You seem alright for an old dude. You’re allowed in. Pointing his stick towards the not-so-grand gateway. The last of the mutant kids passed across to the other side of the wall.

Vincent’s chest expanded as he inhaled a deep breath of chilled, polluted air. Inhale. Exhale. He could hear the incessant hum of the city drone on. Through the hole in the wall, he could see the light flicker and hush to no end. A shiver slithered up his spine and across his shoulders. He rolled them back and shook away his fear. Vincent took side steps through the hole, compressed front and back. Inhale. Exhale. Thick, thick wall. Metres thick. Dust and creepy crawlies on all sides. He edged closer and closer to the light. He made it through. Inhale. The sun danced behind his eyelids in flying colours and the roar deafened his ears. A thick, thick sound. He blinked, face towards the ground. He stared at his boots, planted in a sandy road. The road stretched out and around, overlooking the city.

The city gasped in the centre. Vincent stood on the mouth of what seemed to be a crater. The outline of its towers like a heartbeat flatline; up and down in the litless shade of a cage. All along the inside of the wall urban paintings encircled, confronting civilisation with the expression of itself. Unlike the sacred cave paintings, these were no animals. But Vincent still wondered what they meant.

Skeletal glyphs and scriptures screamed from the wall. They were round and wide to angular and slender, clustered closely together in conversation. Each successor had contributed meaning with every stroke, envisioning a collective identity of humanity. Vincent’s eyes passed over the wall of documents, processing change. It was as if people were coming to terms with themselves all over again, and the situation in which they found themselves. There was an element of longing trapped in the harmony of letters. And yet also, the angsty recognition of the unduly lamentable forces in their world. The emotions were visceral and raw. They demanded to be heard. They proclaimed their names to the city in uproar. What beauty surrounded them? What was it they loved? Such liveliness gave character to the grey.
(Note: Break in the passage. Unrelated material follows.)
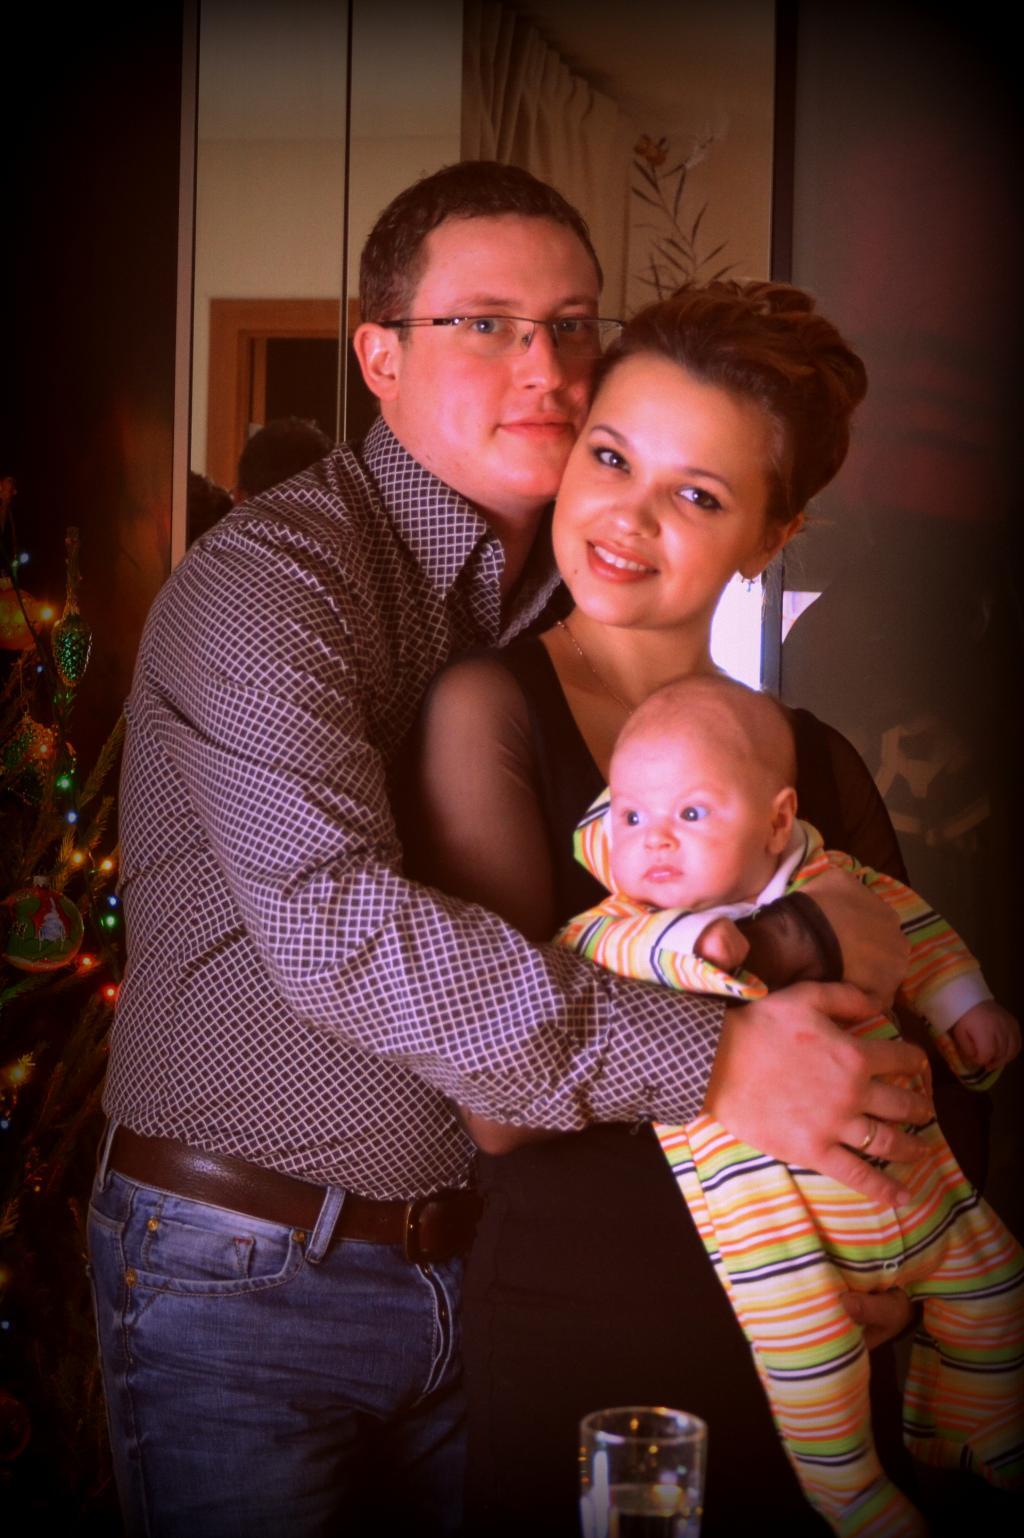 Мама папа я - счастливая семья. Мама, папа, я - счастливая семья!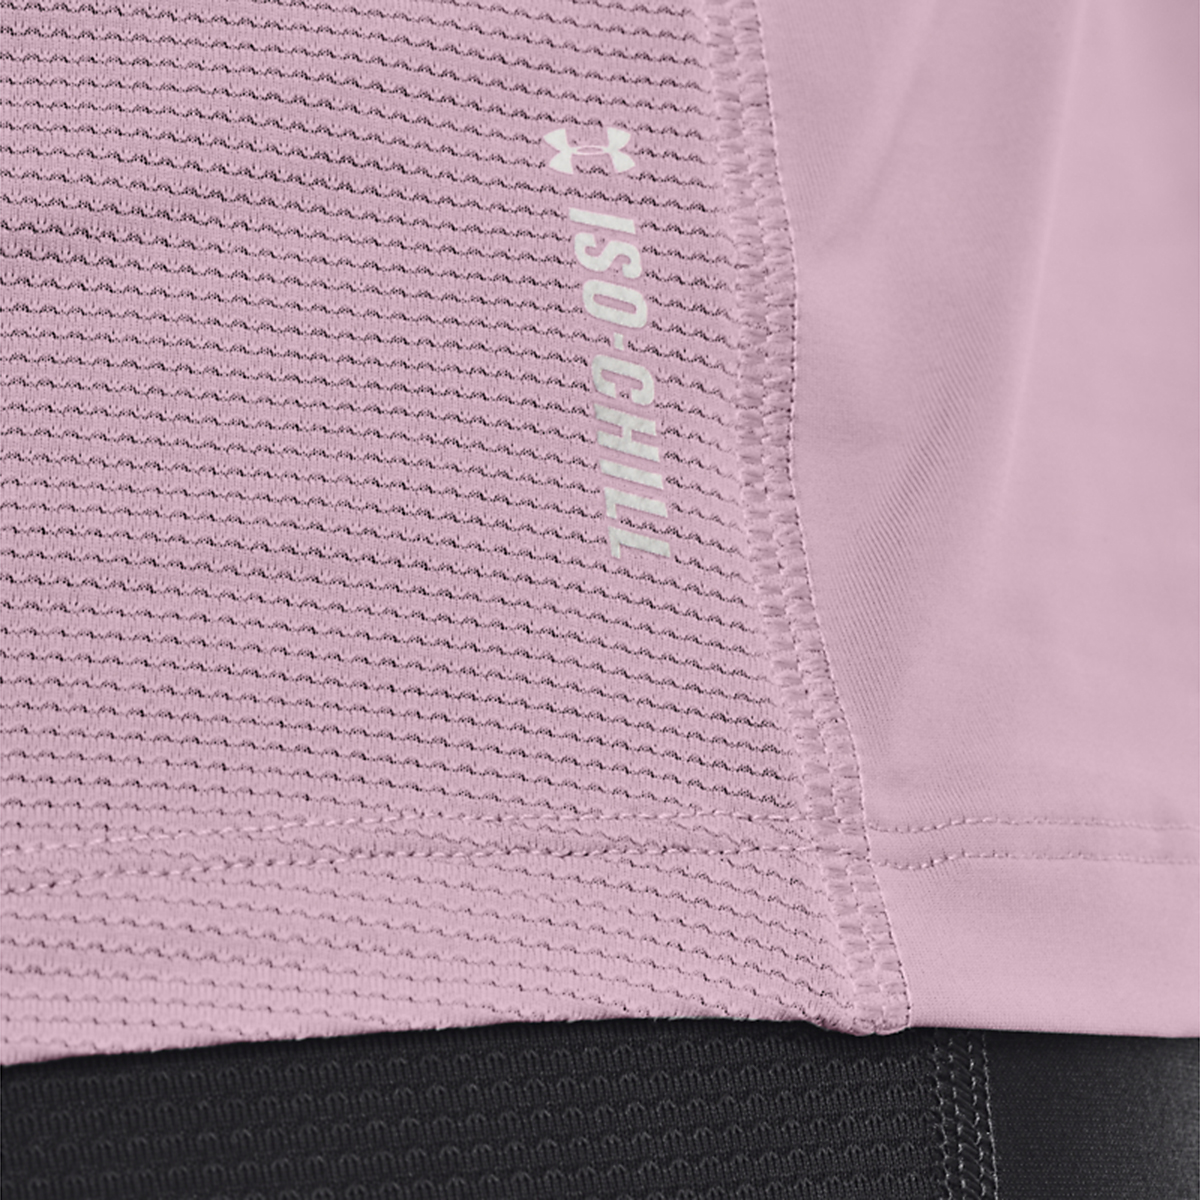 Women's Under Armour Iso-Chill Run 200 Tank - Color: Mauve Pink/Mauve Pink/Reflective - Size: XS, Mauve Pink/Mauve Pink/Reflective, large, image 4

But the people? There were none. From his view, Vincent could tell there was no one. Not a soul remained. He could not hear their hearts murmuring from their boxy rooms and cars. Instead, the buzzing that he had assumed was the steady symphony of modern life belonged to the bees. Millions upon millions upon millions of bees spasmed through the air like fluorescent lights. They flew disorganised in all directions. Vincent swayed over their chaotic haze. He laughed. Laughed and laughed. An ecstatic lunatic kind of laugh. He looked at Plashuk. Also infected with laughter. Finally as one, united by laughter in the buzzing madness of the early afternoon.